Prehistory
Hello! My name is Zhenya and I am a programmer. Nothing special. For now.
Today I would like to share a story with a good ending, which convinced me that even if you don’t consider yourself to be above average programmers and solve trivial tasks, programming as a process can still be very exciting!
Before me was one of the most typical tasks: output the data to a text file. The file format is such that it opens on any desktop average device. I was sure of the simplicity of this task. But this week, fate decided to teach me a lesson ...
Story
It all started with choosing a library to make life easier and choosing a format. The format was docx and the
OenTBS library. It seems that everything in it was as it should - and the format of the file and use the template can be. But as shown by 3 days of work, if this thing can work with nested arrays, it is not in such an obvious way that it may be necessary to join some sect in order to comprehend this. I decided to follow the path of least resistance and just shared my thoughts about this library with the monitor and started looking for another one.
')
Next was a simple tool called
odtPHP . Whose site does not seem to work so far. As you have already guessed, along with the library, we had to change the format too - it became odt. If you really want to even be glad - open format and all that.
This is where the fun began. The document is generated from the template. If you make a template in LibreOffice (namely, it was my first hand), then in Word it will open only after the issue of restoration. And if you create a template in Word `s? Then without recovery. But after minimal edits in the template, the odtPHP produced an error saying that the variable was not found in the template. Furious yelling and poking a finger at the name of a variable in the template did not help the cause. Strange. That is, it turned out that the desired variable is, as it were, written in the template, but odtPHP cannot find this variable through a regular expression.
Suspicions began to creep in that the space / dash / any-other-character in Wordʻe in the source code itself could be designated somehow differently. Since I knew that odt, like docx, this is a simple archived XML, I decided to delve into this issue and for greater certainty I created the same odt template via Google Drive. After unzipping the odt-files from different “creators”, the following picture came out:
It became obvious that the format is a format, but programs can have a different look on it. As you can guess, the entire contents of the file is stored in content.xml. I open it. Looking for my variables. And, lo and behold! I'm on the right track! This is how my variable looks in Wordʻe (a variant created in Wordʻe):
And this is how this fragment looks in content.xml:
And the regular expression was as simple as possible:
$reg = '@\[!--\sBEGIN\s' . $string . '\s--\](.*)\[!--.+END\s' . $string . '\s--\]@smU';
What is <text: s /> to learn and failed. You may think that this is a space, but why did he get in right here, and in other places just a space? Unclear. It was not possible to predict the arrangement of such magical spaces in Word. So it happened that Word somewhere inserts a space as a space, and somewhere as <text: s />, which breaks off the finding of a variable according to the minimum pattern.

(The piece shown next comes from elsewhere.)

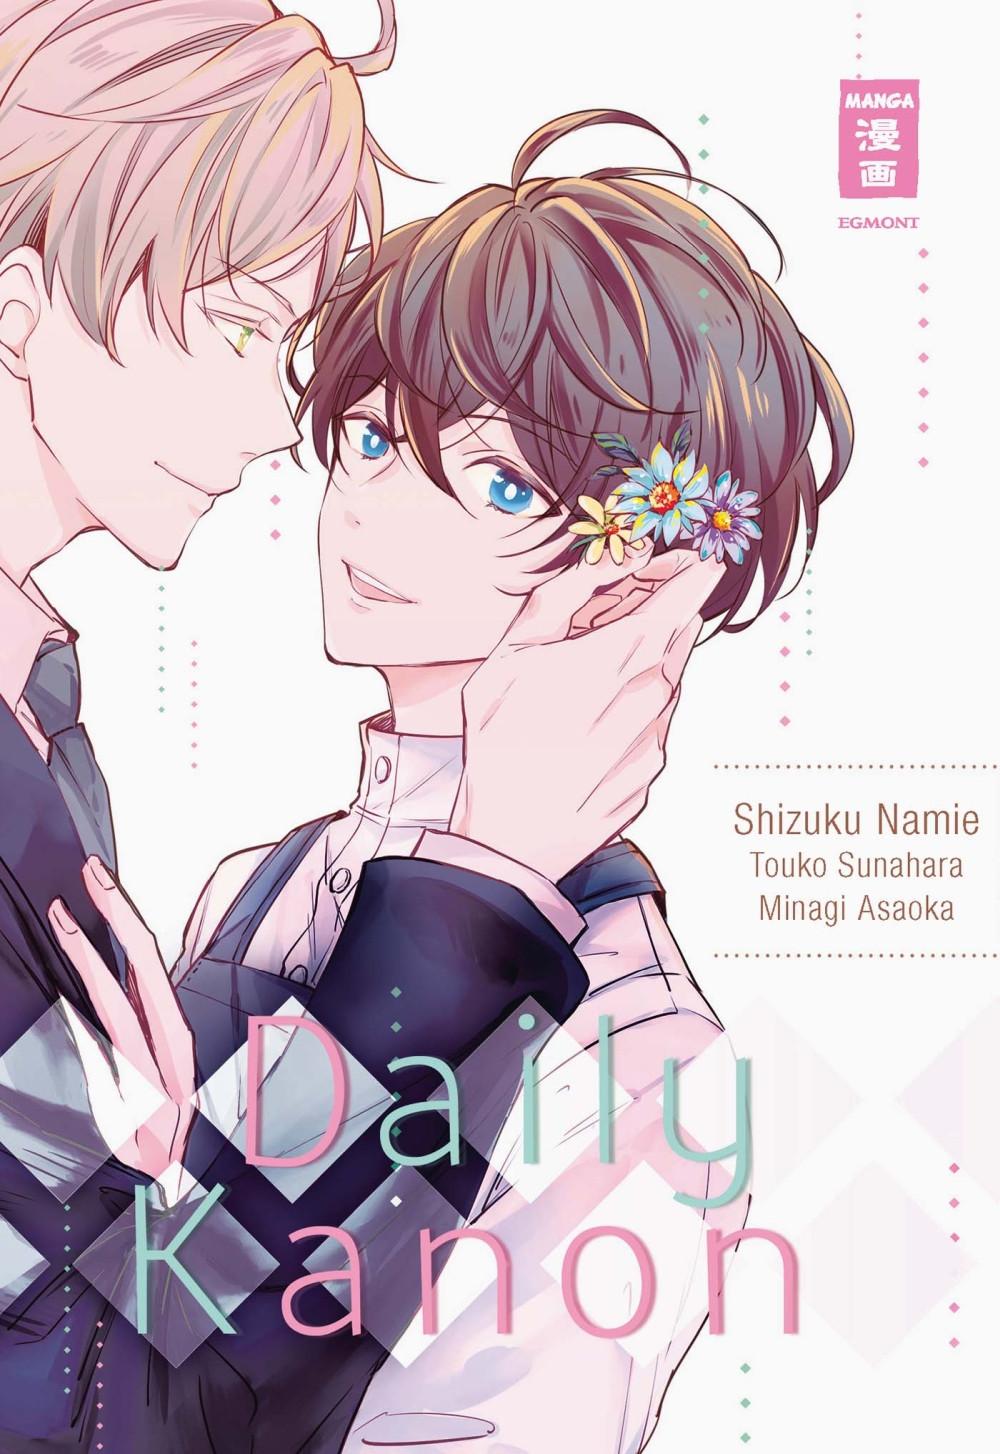 Daily Kanon Manga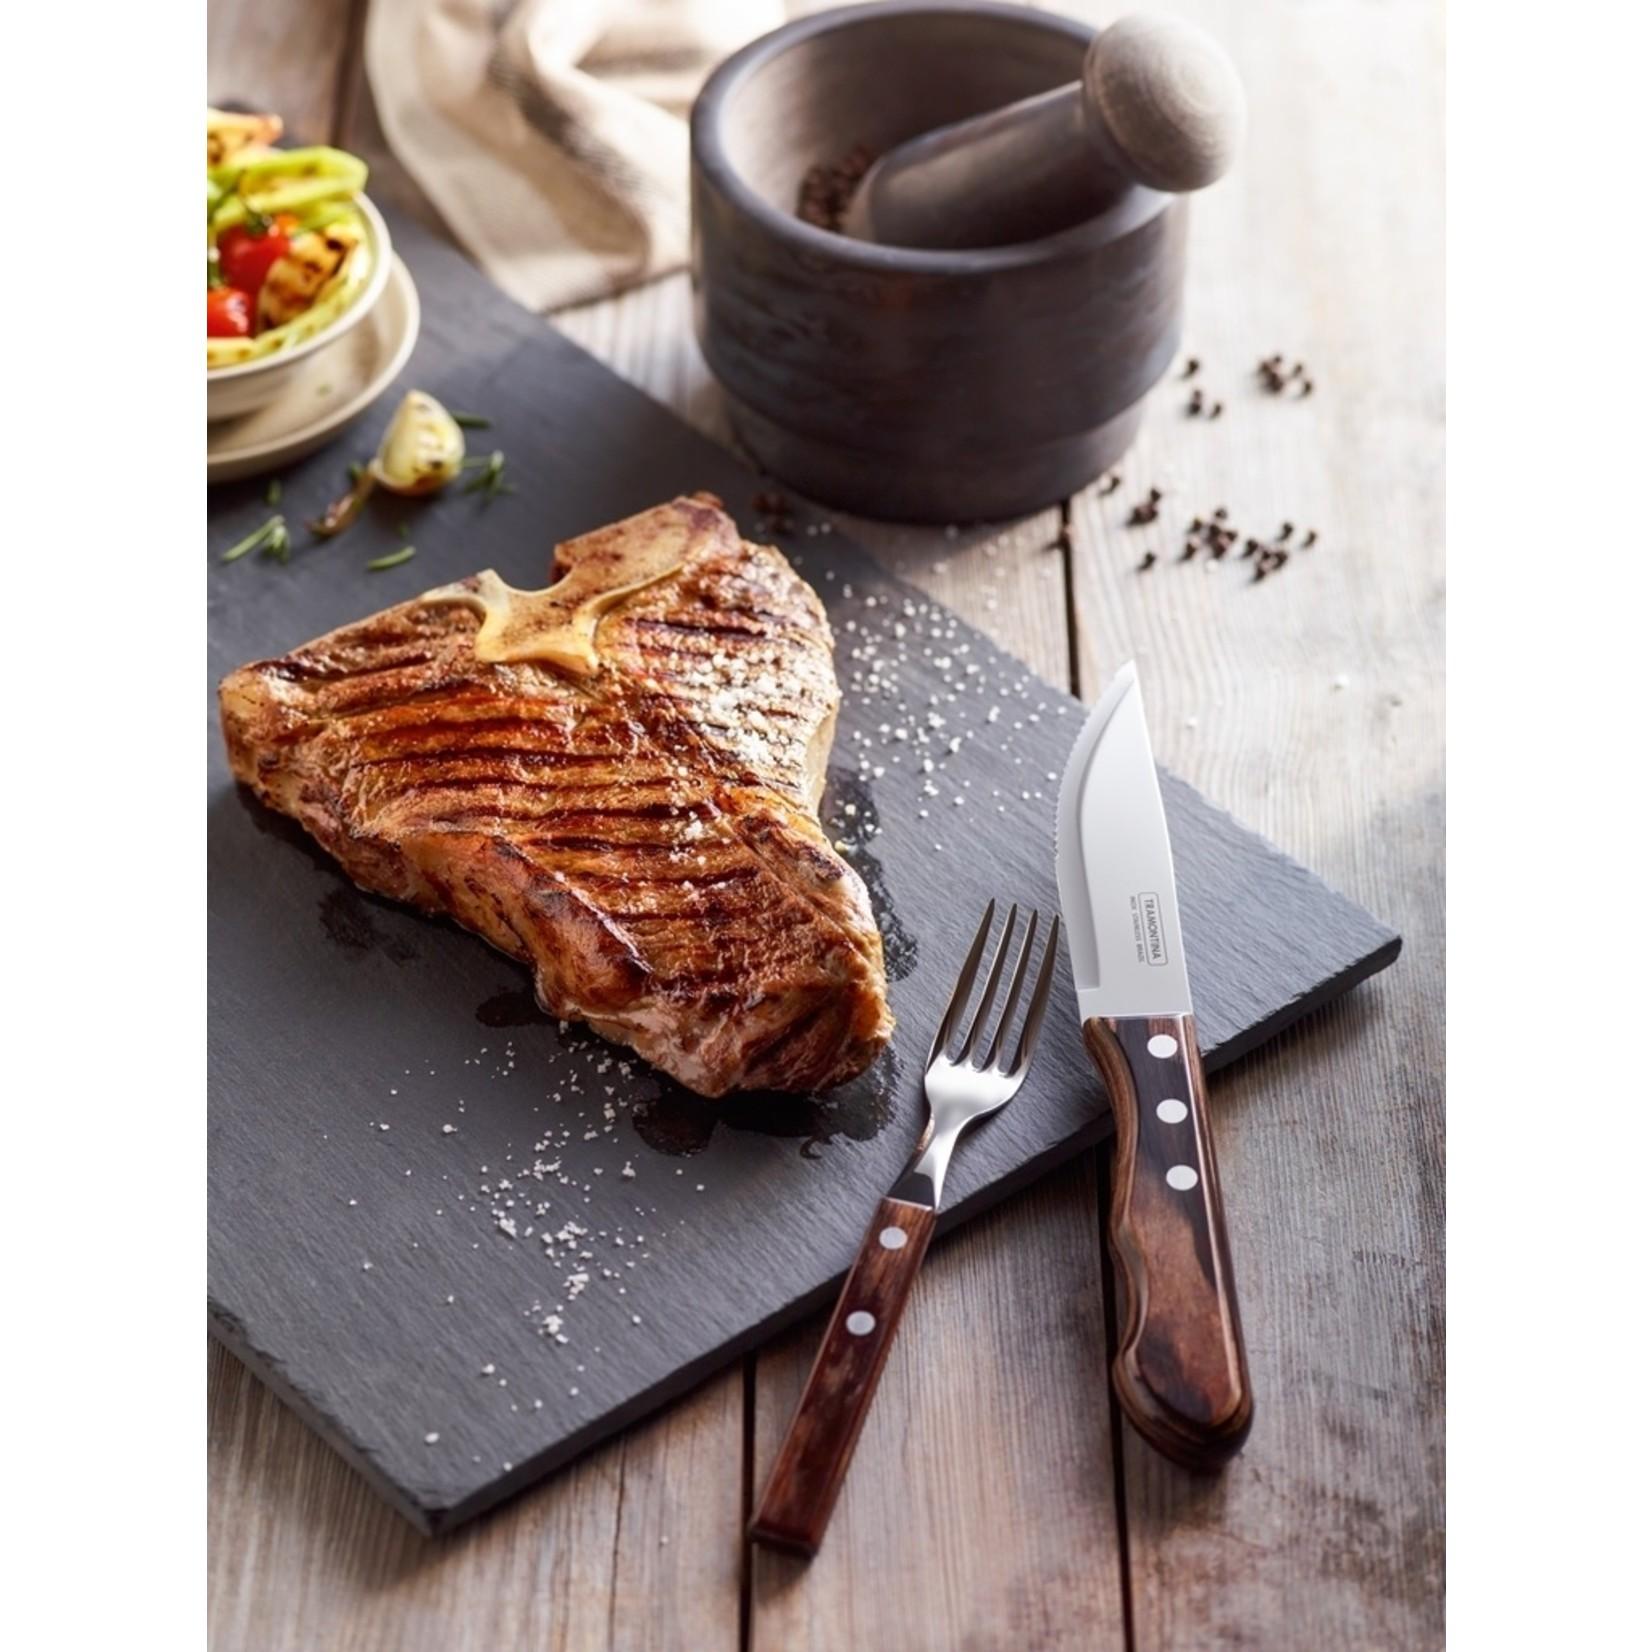 Tramontina Tramontina Churrasco steakmessenset Jumbo 4-delig bruin

This is how a trivial task turned into a fascinating journey through the structure of the odt format!
Morality
No matter what level of knowledge you have, and how low your own assessment of skills is, don't be afraid to dig deeper! Unless, of course, you are an excavator driver and a visit is not near the sign "It is forbidden to dig."
PS It would be very interesting to read such stories in the format of Prehistory-History-Moral from cool developers, which later could be told for educational purposes.